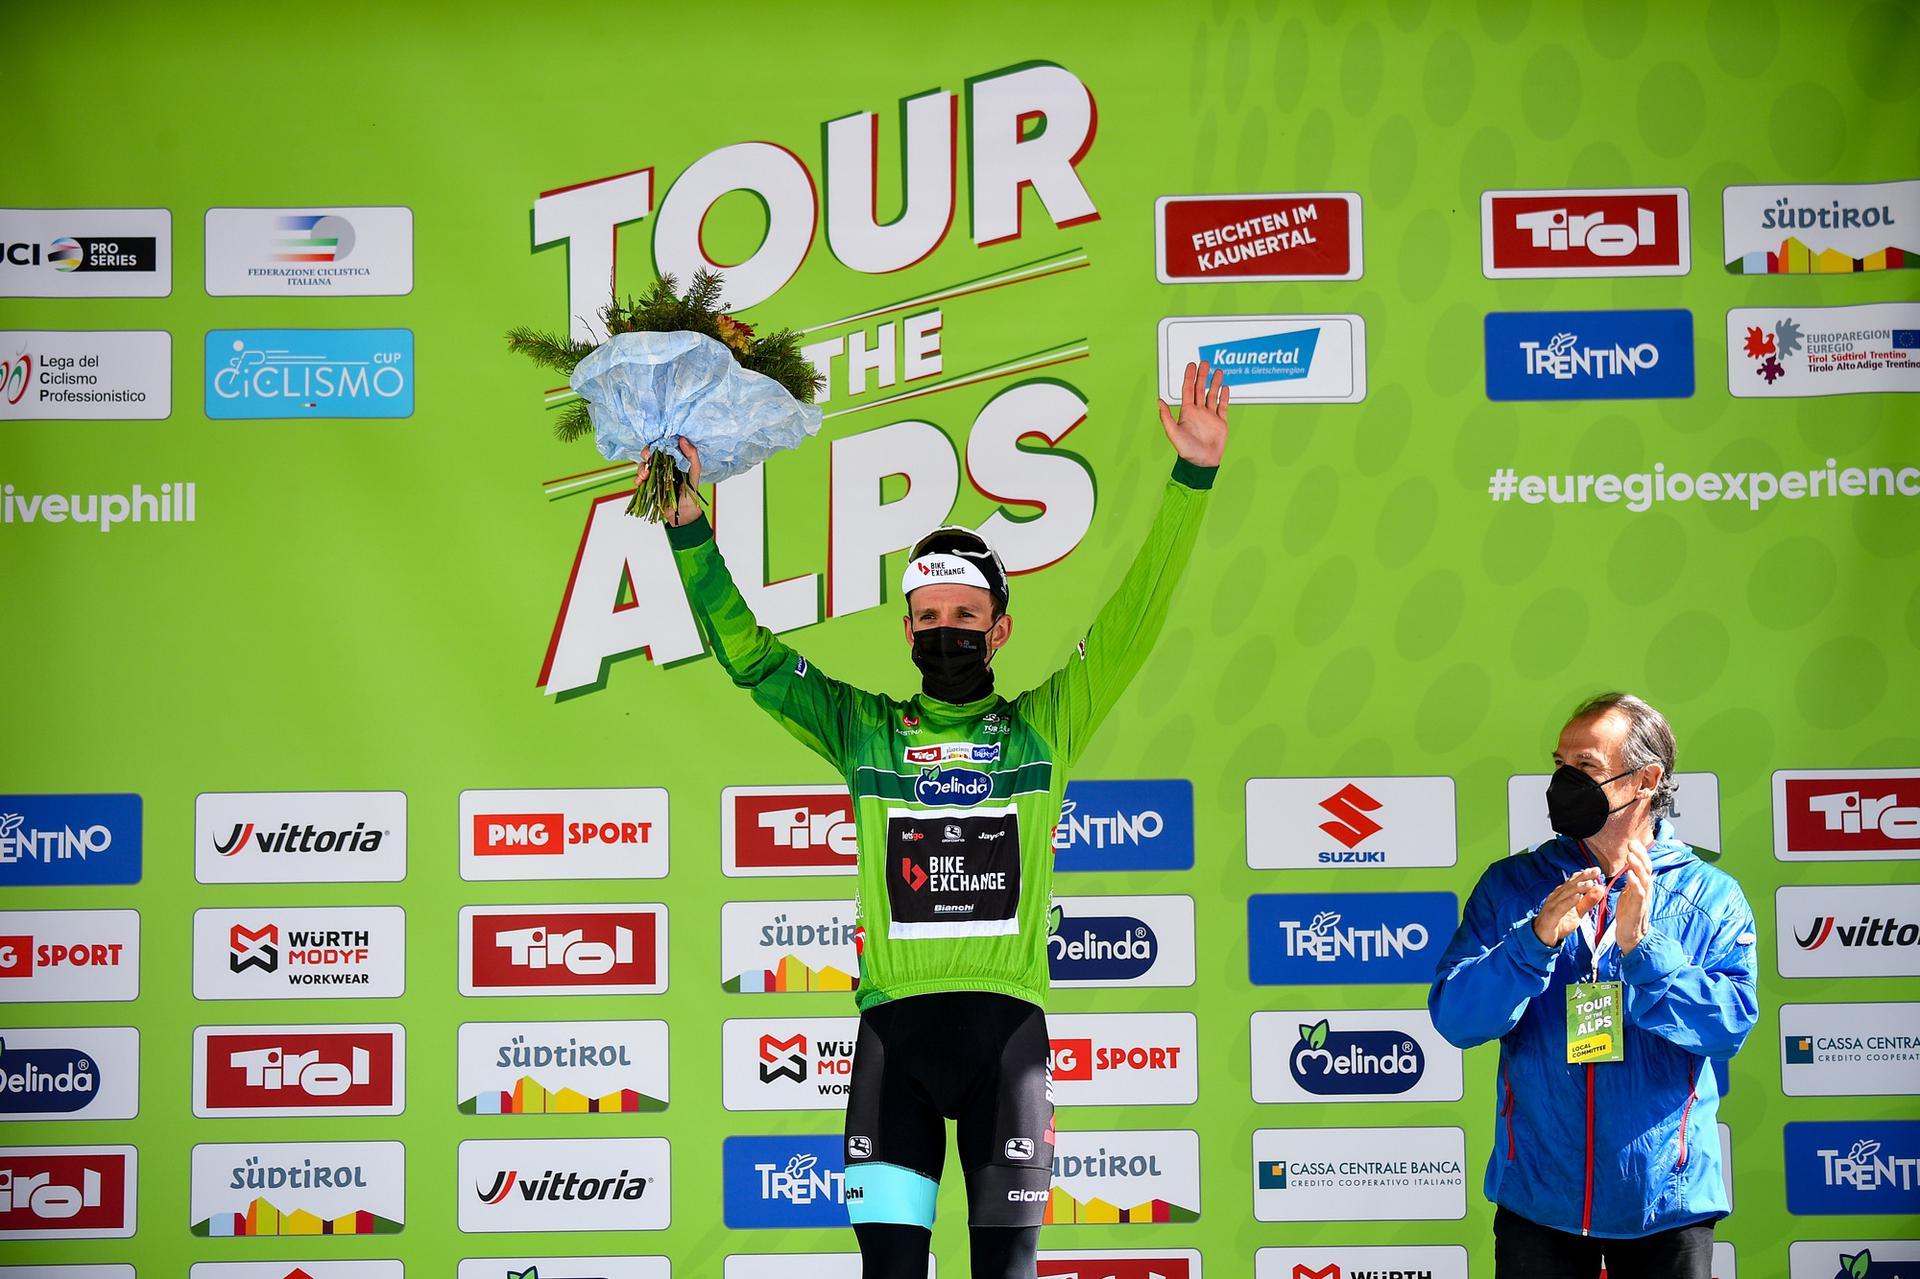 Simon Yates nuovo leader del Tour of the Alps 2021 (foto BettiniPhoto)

-.-.-

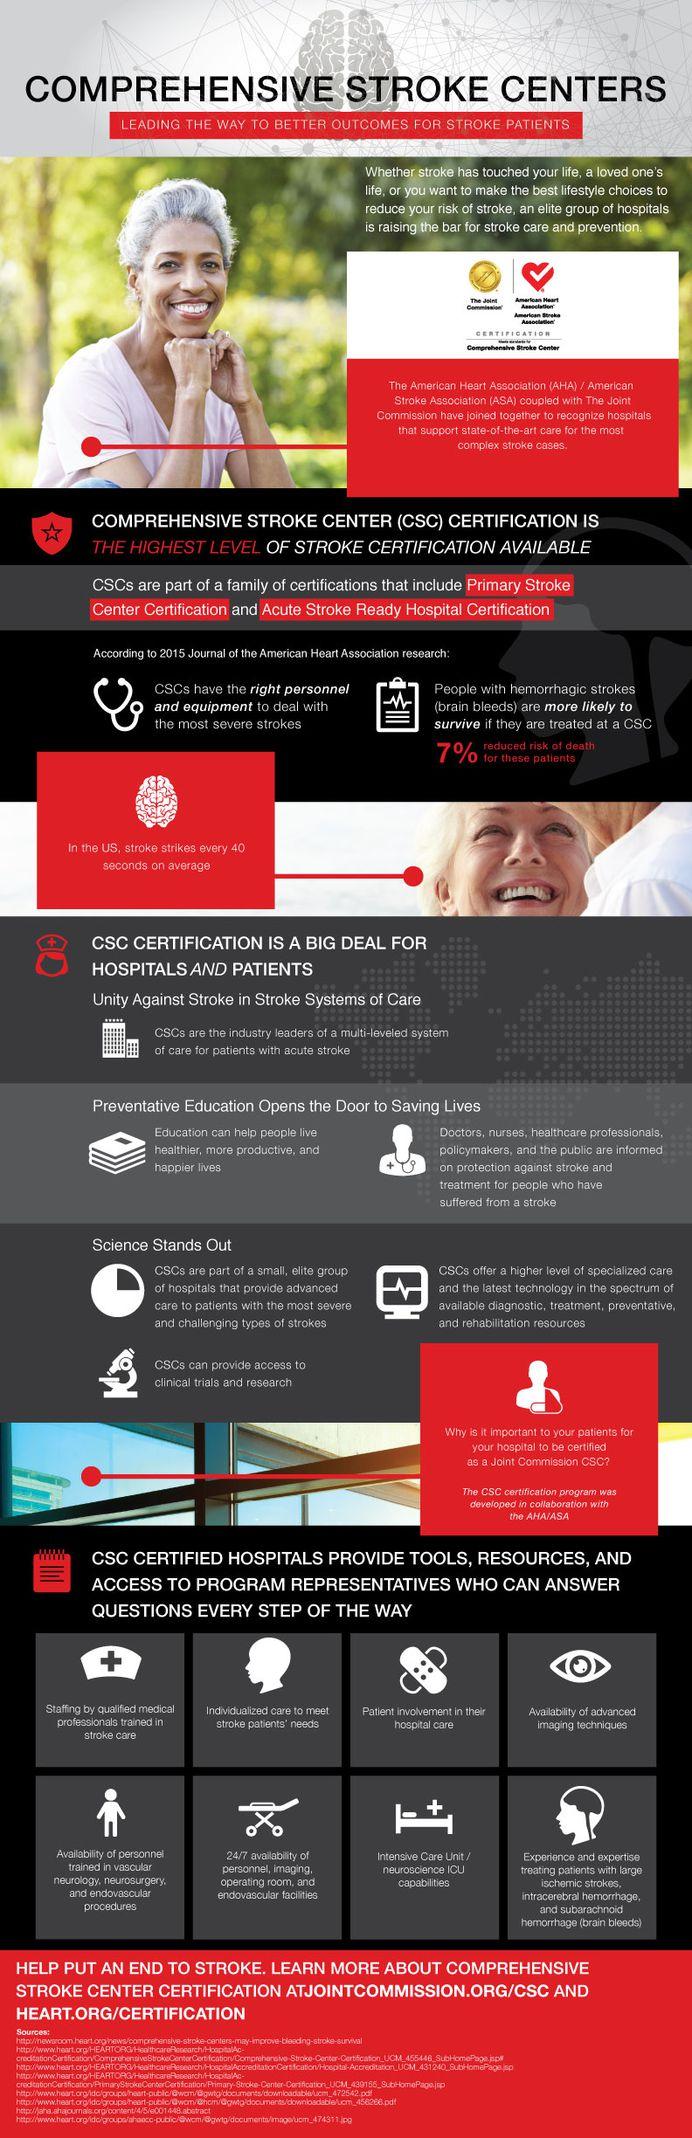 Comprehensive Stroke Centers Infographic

-.-.-

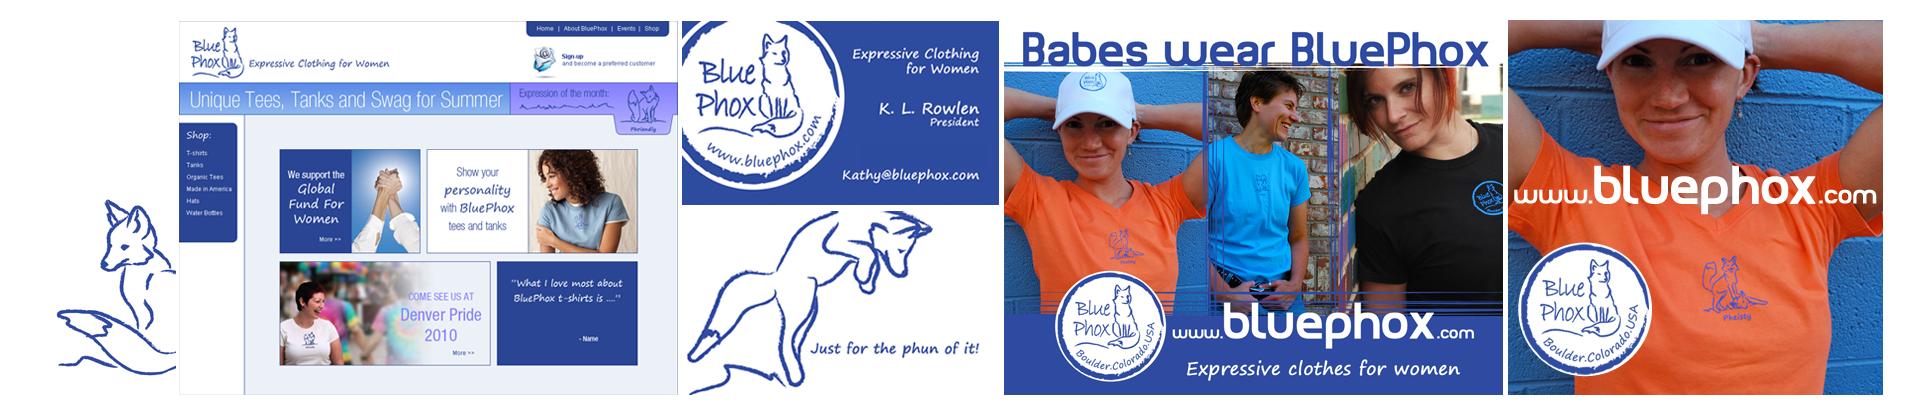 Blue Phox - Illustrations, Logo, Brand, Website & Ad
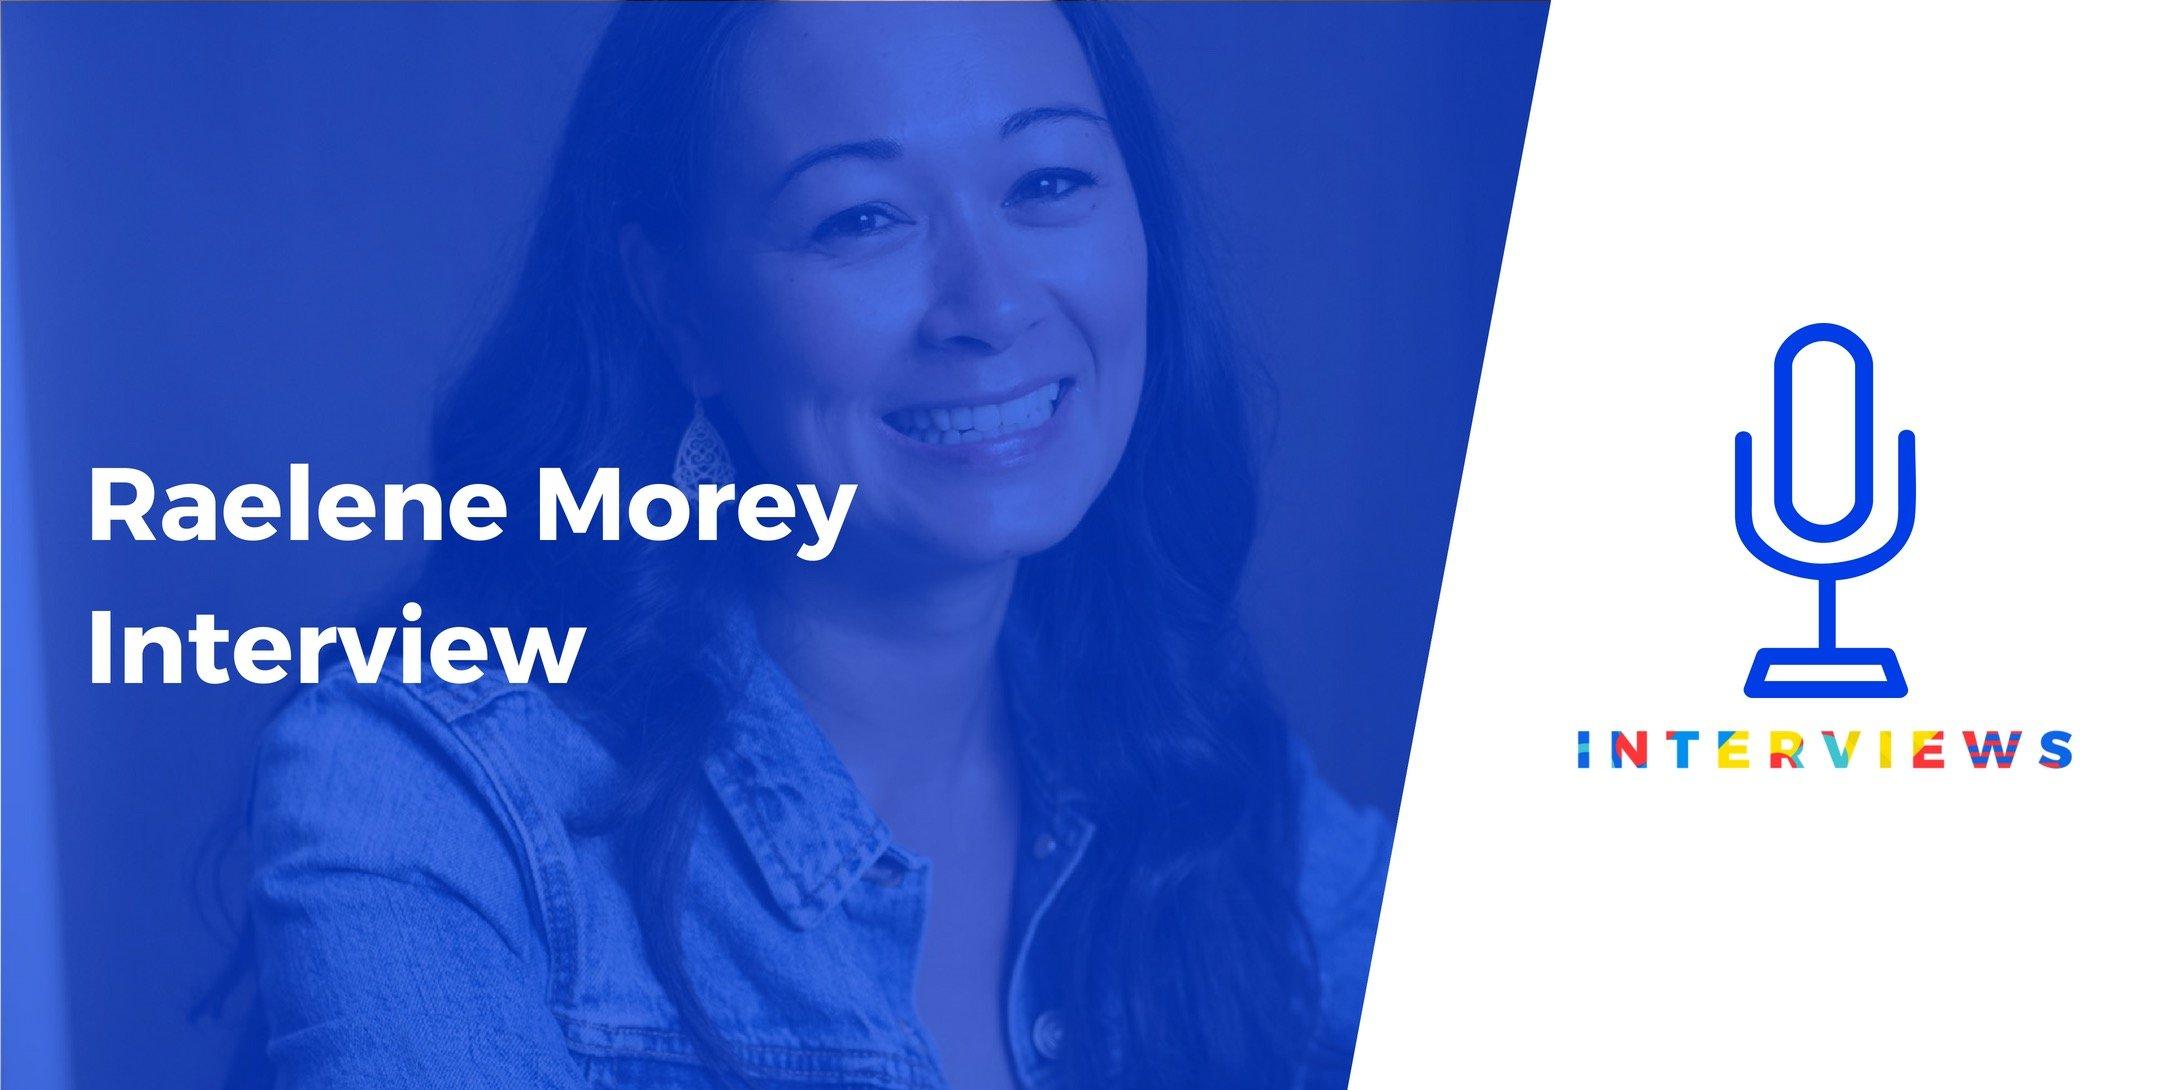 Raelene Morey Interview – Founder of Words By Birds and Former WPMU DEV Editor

-.-.-

The lines to set down run from the line with "Blue Phox - Illustrations, Logo, Brand, Website" up to and including the line with "Raelene Morey Interview" in the entries above. Reproduce them exactly, with no pictures.

(Problem solution):
 Blue Phox - Illustrations, Logo, Brand, Website & Ad
 Raelene Morey Interview – Founder of Words By Birds and Former WPMU DEV Editor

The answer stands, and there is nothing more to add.